Shivay Lamba

Posted on Apr 21 • Edited on May 24

Fine-Tuning LLMs for Legal Tech: Nebius AI Cloud vs Nebius Token Factory

#ai #llm #machinelearning #cloud

A hands-on walkthrough of fine-tuning the same legal Q&A dataset on two very different platforms — and what it really costs.

Why Fine-Tune for Legal Tech?

Large language models are impressively general, but "general" is the enemy of "trustworthy" in legal work. A model that confidently summarizes UK legislation one moment and hallucinates a fictional statute the next isn't useful in production. Fine-tuning on a curated domain dataset — in our case, legislation Q&A pairs derived from real UK statutory text — teaches the model to stay grounded, adopt the right tone, and answer in the format lawyers actually expect.

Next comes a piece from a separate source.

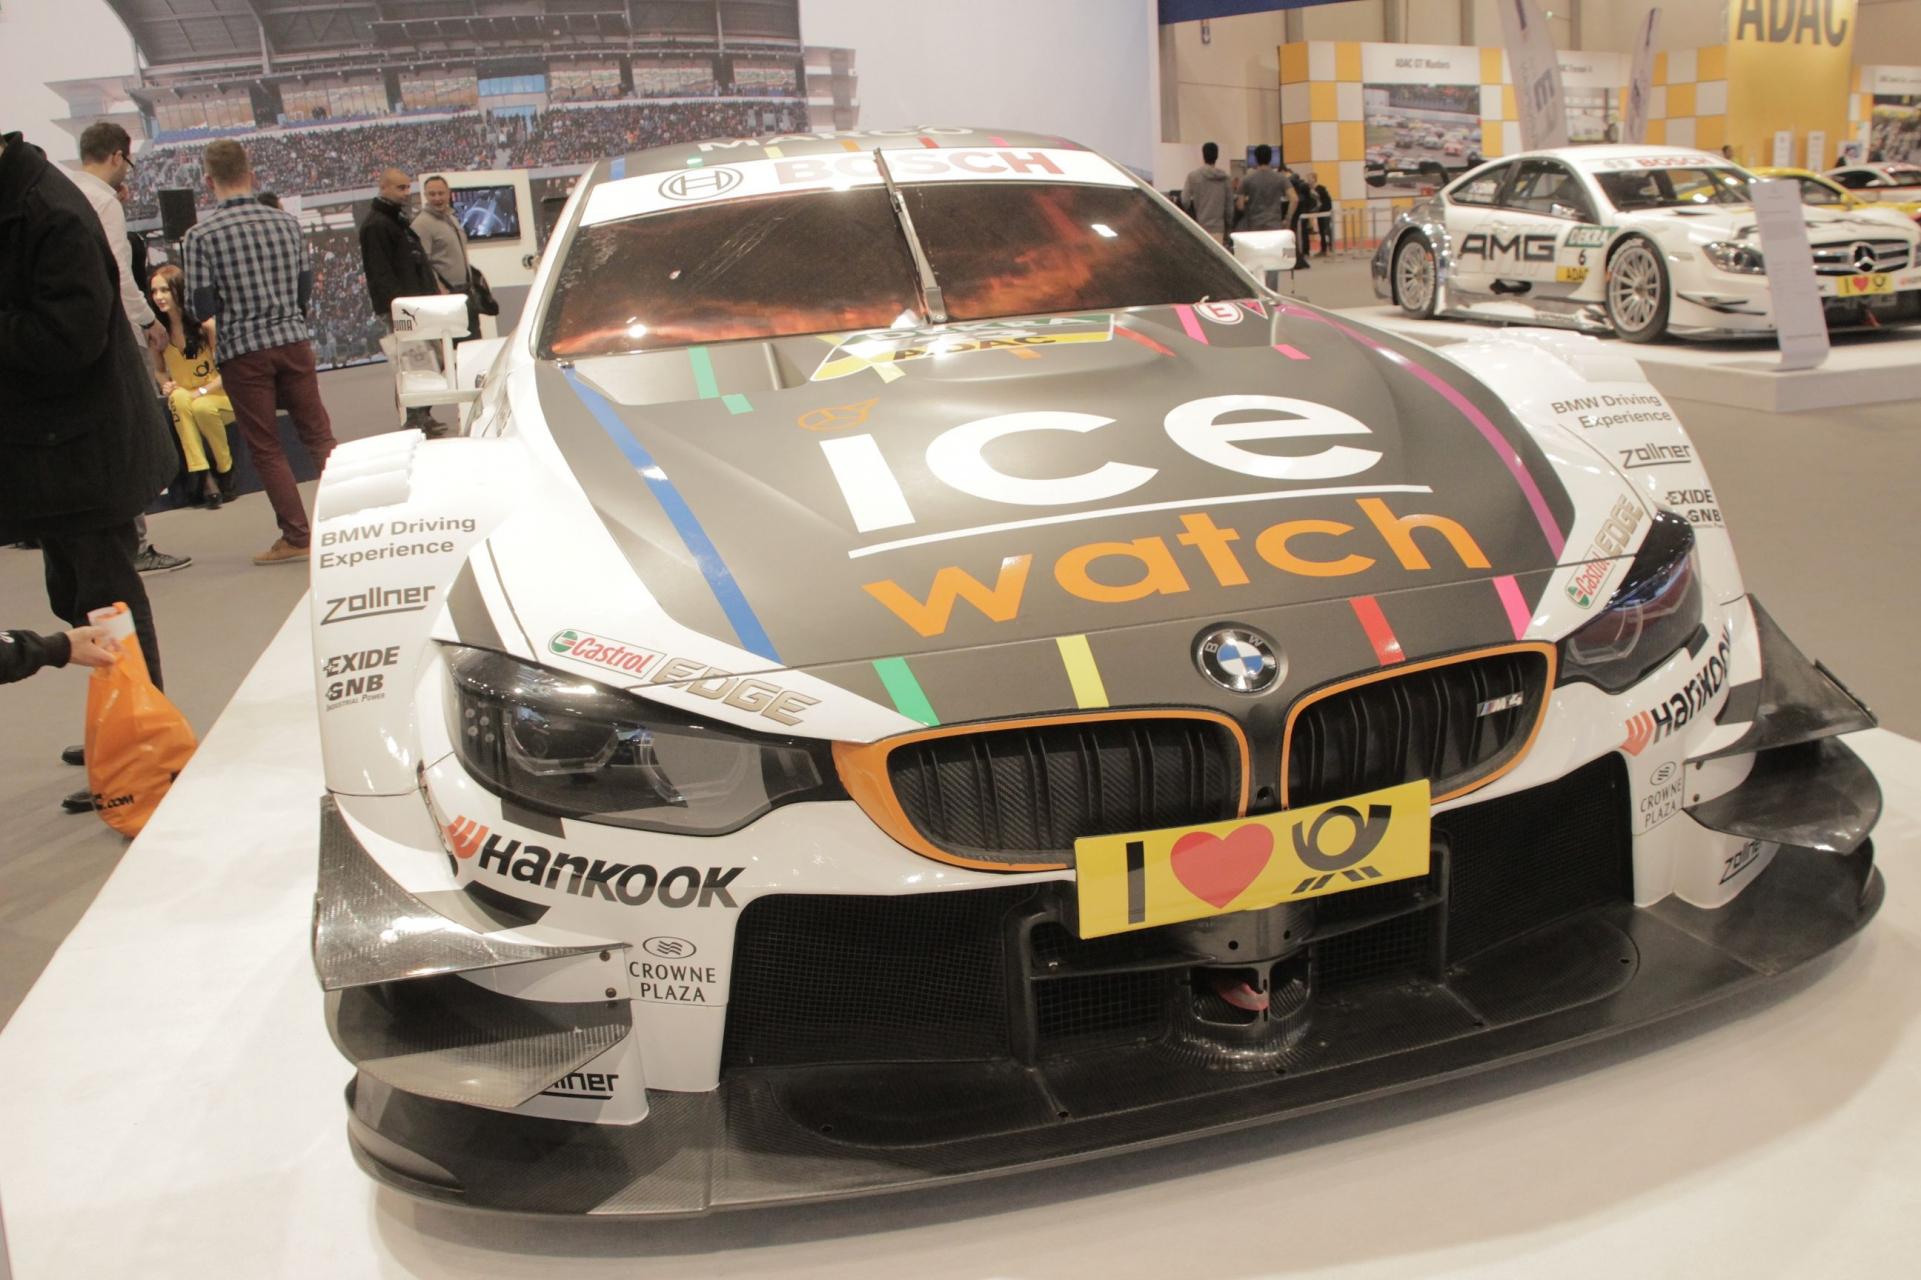 Essen Motor Show 2014 126

The question isn't whether to fine-tune. It's how. Nebius offers two distinct surfaces for this: the Nebius AI Cloud (raw GPU VMs, full infrastructure control) and Nebius Token Factory (a managed, API-driven fine-tuning and inference service). We built the same legal model on both, and the experience couldn't be more different.

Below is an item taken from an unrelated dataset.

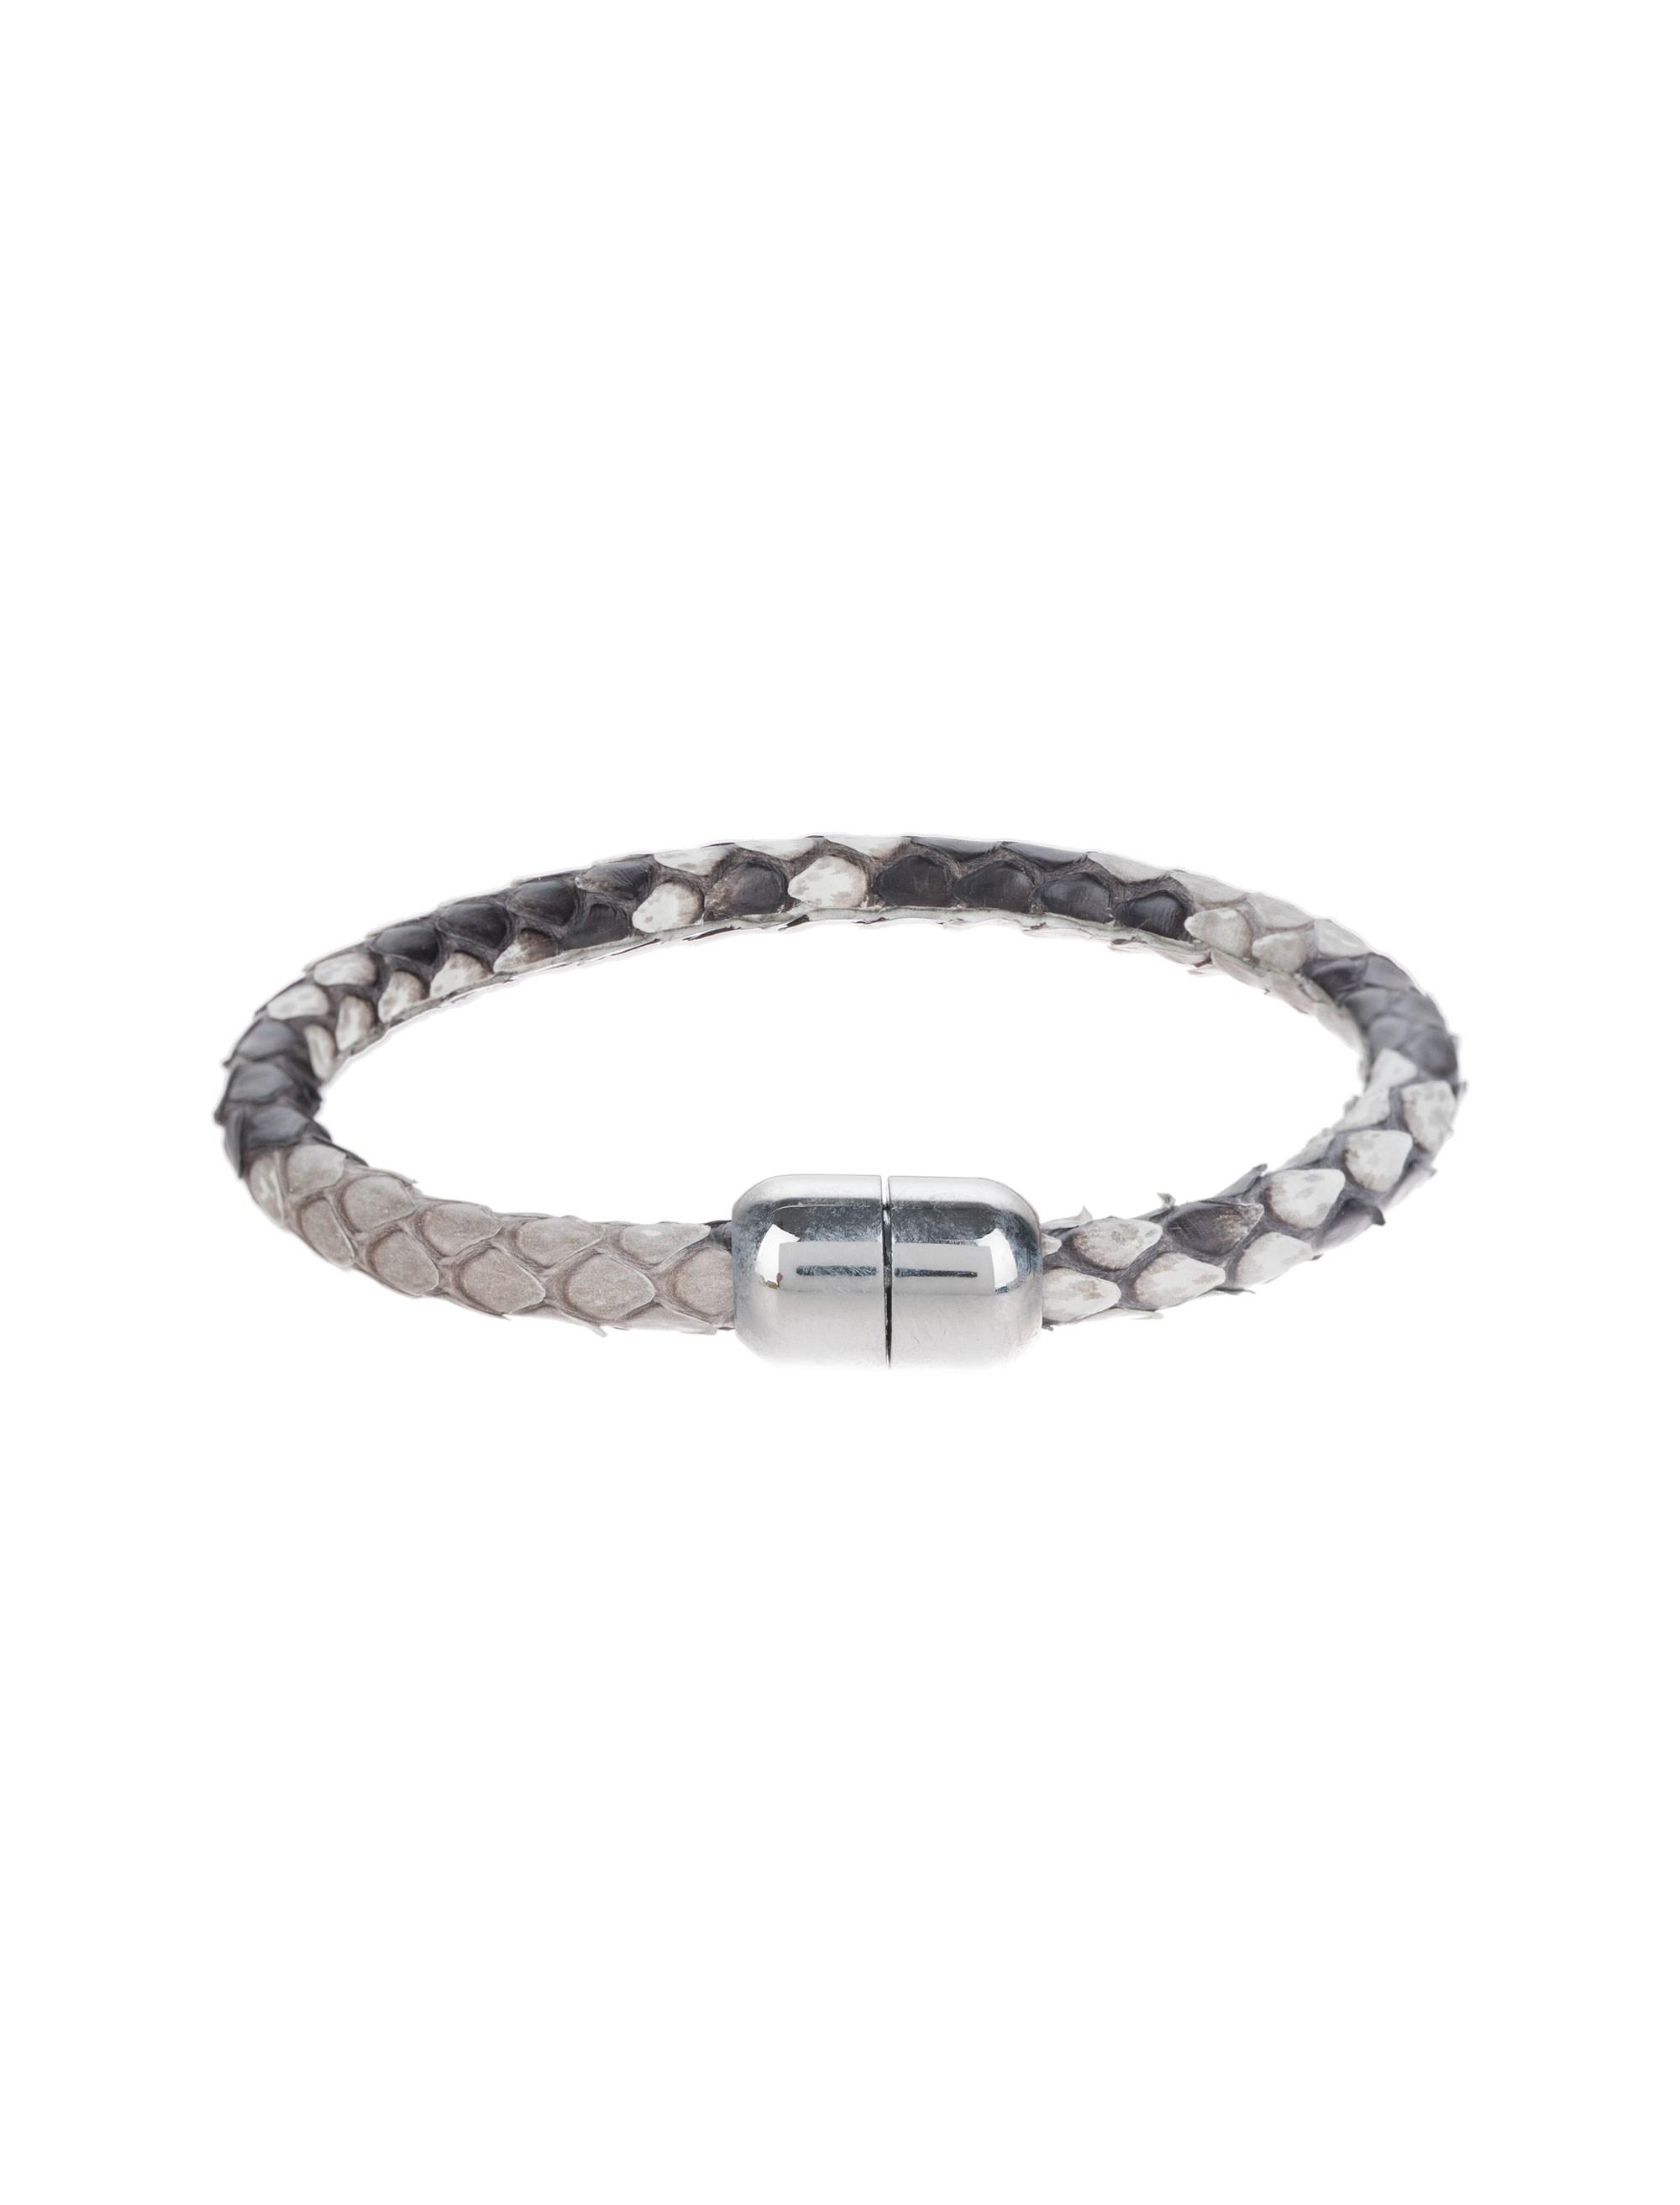 دستبند چرم بزرگسال Jagger - آرتمن

The Dataset: UK Legislation Q&A

Both pipelines use the same starting point: legislation_qa_clean.jsonl, a ~160-row curated chat dataset in OpenAI message format. Each record is a user question grounded in a statutory context, paired with a legally accurate answer. It's a small, high-quality dataset — exactly the kind that rewards fine-tuning over few-shot prompting.

{
  "messages": [
    {"role": "user", "content": "What obligations does section 4 impose on employers under the Health and Safety at Work Act?"},
    {"role": "assistant", "content": "Section 4 requires every person who has control of premises used as a workplace to ensure, so far as is reasonably practicable, that the premises, the means of access and egress, and any plant or substance in the premises are safe and without risks to health."}
  ]
}

Path 1: Nebius AI Cloud — Full Control, Full Complexity

The Architecture

The Cloud approach gives you a dedicated H100 GPU VM on Nebius, and then you build everything yourself. The pipeline looks like this:

legislation.jsonl
    ↓ convert_legislation_to_qa.py
legislation_qa_clean.jsonl
    ↓ train_gemma.py (TRL SFTTrainer + LoRA)
gemma-legal-qa-clean-lora/          ← LoRA adapter weights
    ↓ merge_lora.py
gemma-legal-qa-clean-merged/        ← full merged weights
    ↓ serve.sh (vLLM)
http://localhost:8100/v1            ← OpenAI-compatible API
    ↓ api.py (FastAPI)
http://localhost:8000               ← legal-specific routes
    ↓ scripts/cloudflare_tunnel.sh  (optional HTTPS)
https://your-subdomain.trycloudflare.com

That's six stages before you serve a single inference request.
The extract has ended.